- The paper introduces a novel method that generates editable PBR maps (albedo, roughness, metallic, and normal) directly from textual input using strong image priors.
- It employs a two-step training process with fine-tuned LoRAs and cross-intrinsic attention to ensure high-fidelity rendering and semantic alignment.
- Evaluations demonstrate superior performance over traditional techniques, supporting real-time image relighting and enhanced scene texturing in digital content creation.
IntrinsiX: High-Quality PBR Generation using Image Priors
Introduction to IntrinsiX Methodology
IntrinsiX introduces a novel approach for generating high-quality Physically-Based Rendering (PBR) maps directly from textual input. Unlike traditional text-to-image models that produce images with baked-in lighting, IntrinsiX uses a generative model to output albedo, roughness, metallic, and normal maps. These intrinsic images can be further manipulated in typical rendering pipelines for applications in realistic scene rendering, material editing, and content creation for gaming and virtual reality environments.
Model Architecture and Training
IntrinsiX leverages pre-trained text-to-image (T2I) models to generate intrinsic images, utilizing strong image priors to produce coherent PBR maps. The model undergoes a two-step training process:
- PBR Prior Training:
- Separate mini-models (LoRAs) are fine-tuned for each PBR component: albedo, roughness, metallic, and normal maps. These are trained on curated datasets using a strong T2I model as the backbone.
- The training involves learning the probability distribution of intrinsic properties, which, although challenging due to data scarcity, benefits from the pre-trained T2I diffusion models to generate diverse, high-quality results.
- PBR Prior Alignment:
Applications and Practical Use Cases
IntrinsiX's ability to generate editable PBR maps allows several downstream applications:
- Editable Image Generation:
- The generated PBR maps enable relighting and real-time editing of images, allowing changes to light positions, albedo colors, or material properties like metallic and roughness, as shown in the manipulations of artistic renderings.
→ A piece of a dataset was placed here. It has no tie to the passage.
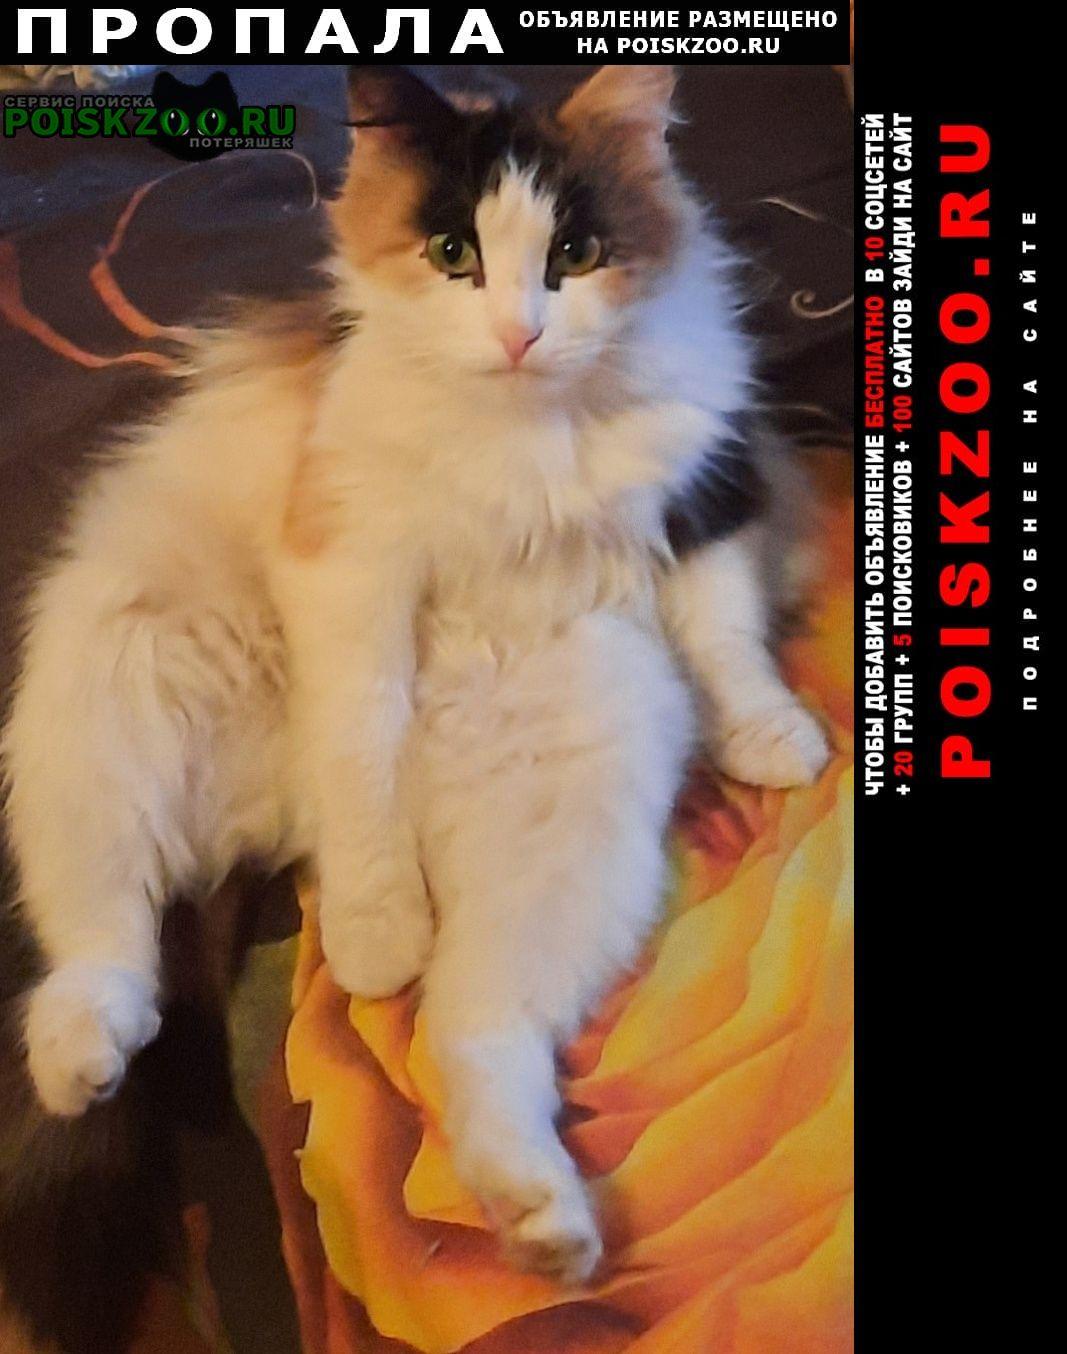 Пропала кошка зовут василиса Владимир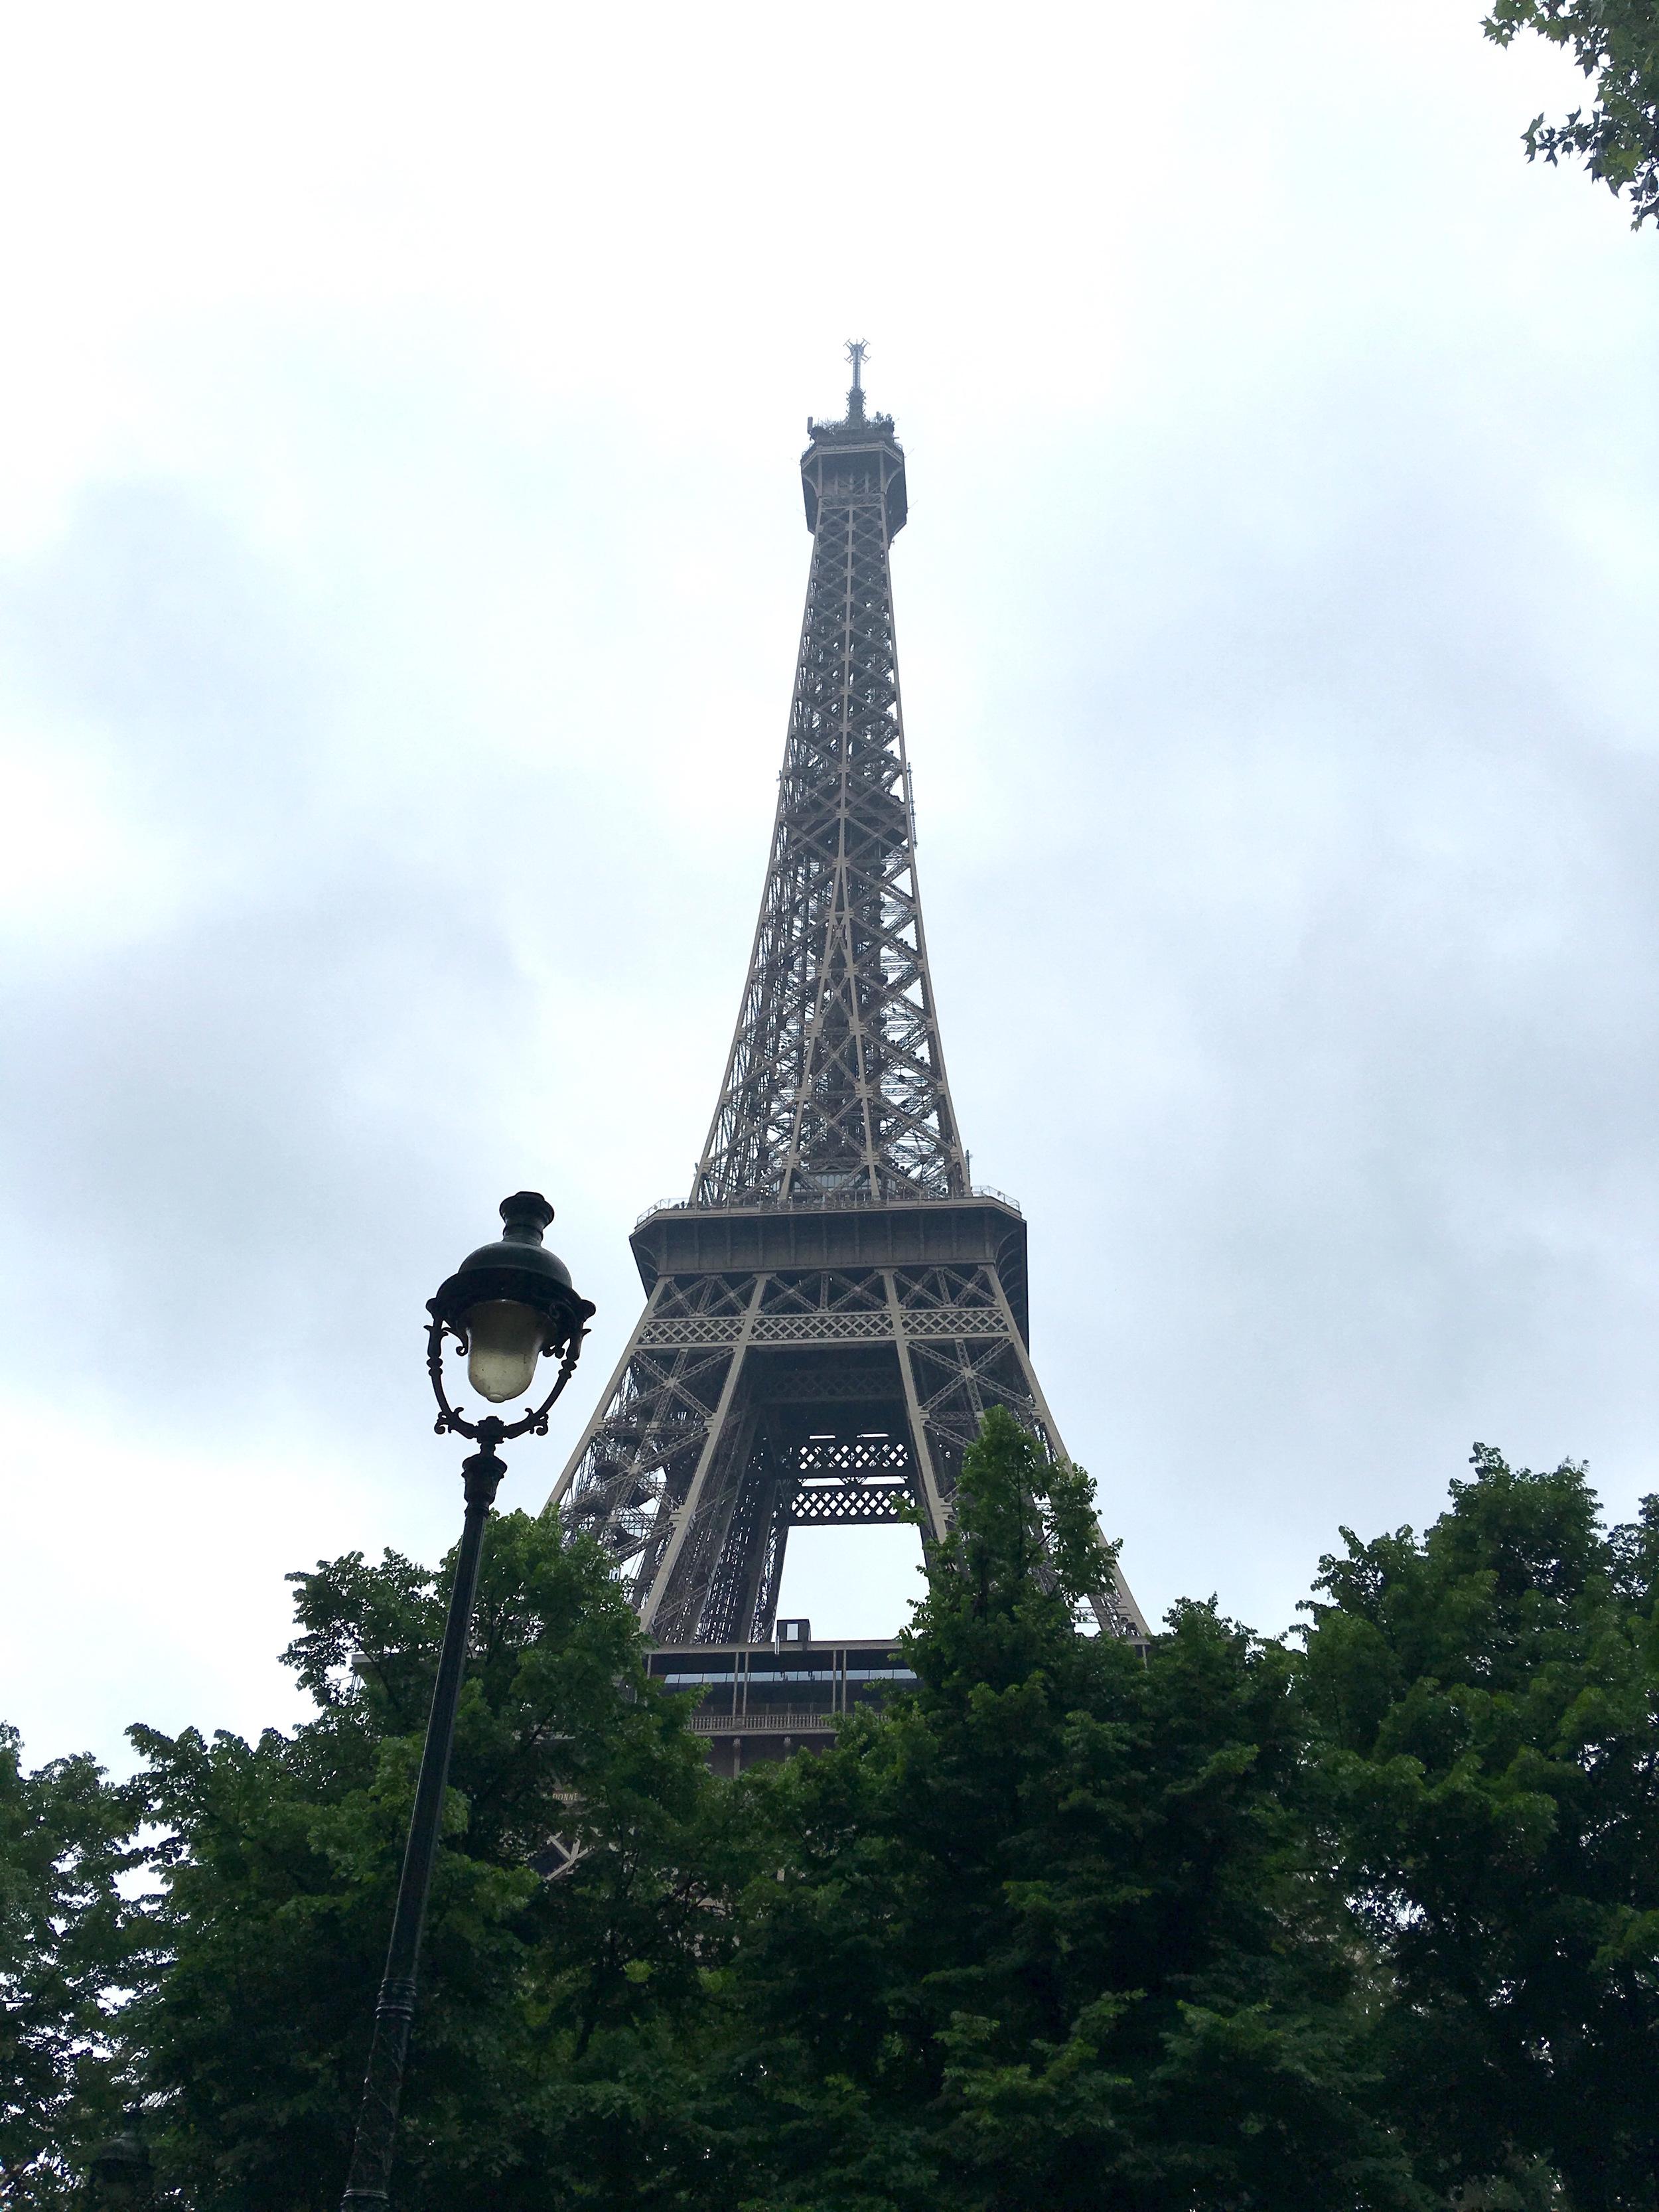 Paris Eiffel Tower via. www.birdieshoots.com

Figure 2: Editable Image Generation. Our generated PBR maps can be edited and utilized in standard physically-based rendering frameworks to produce diverse RGB renderings.
- PBR Scene Texturing:
- By leveraging score distillation, IntrinsiX can texture entire 3D scenes accurately. This makes it an attractive tool for game developers and VR content creators who require accurate and dynamic environment styling.









Figure 3: Scene Texturing. We can use our method for scene texturing using score distillation.
IntrinsiX has been evaluated against existing techniques that perform intrinsic image decomposition from traditional RGB images. The results show:
- Higher fidelity and coherence in rendered outputs: IntrinsiX avoids the pitfalls of baked-in lighting and texture artifacts common in traditional RGB decomposition methods.
- User Studies and Quantitative Metrics: User preferences significantly favor IntrinsiX for its superior albedo and specular qualities, prompting higher ratings for rendering quality and semantic alignment with text prompts.



































Figure 4: Rendering comparisons. Sample PBR maps and rendered images under different lighting conditions showcase the model's ability to capture semantic essence accurately.
Implementation Considerations
Implementing IntrinsiX in practical applications involves managing computational resources effectively, given the intensive nature of diffusion models and PBR map generation. IntrinsiX is well-suited for environments where adaptability and high-quality rendering are critical, though trade-offs in real-time processing need careful consideration in resource-constrained settings.
Conclusion
IntrinsiX establishes a new standard for intrinsic image generation from text, offering substantial improvements in realism and versatility of output. Its ability to produce sophisticated PBR maps opens new avenues in digital content creation, particularly in areas requiring high-quality, editable visuals. Future enhancements could integrate more robust datasets and advanced sampling strategies, improving the model's capability to handle even broader application scenarios.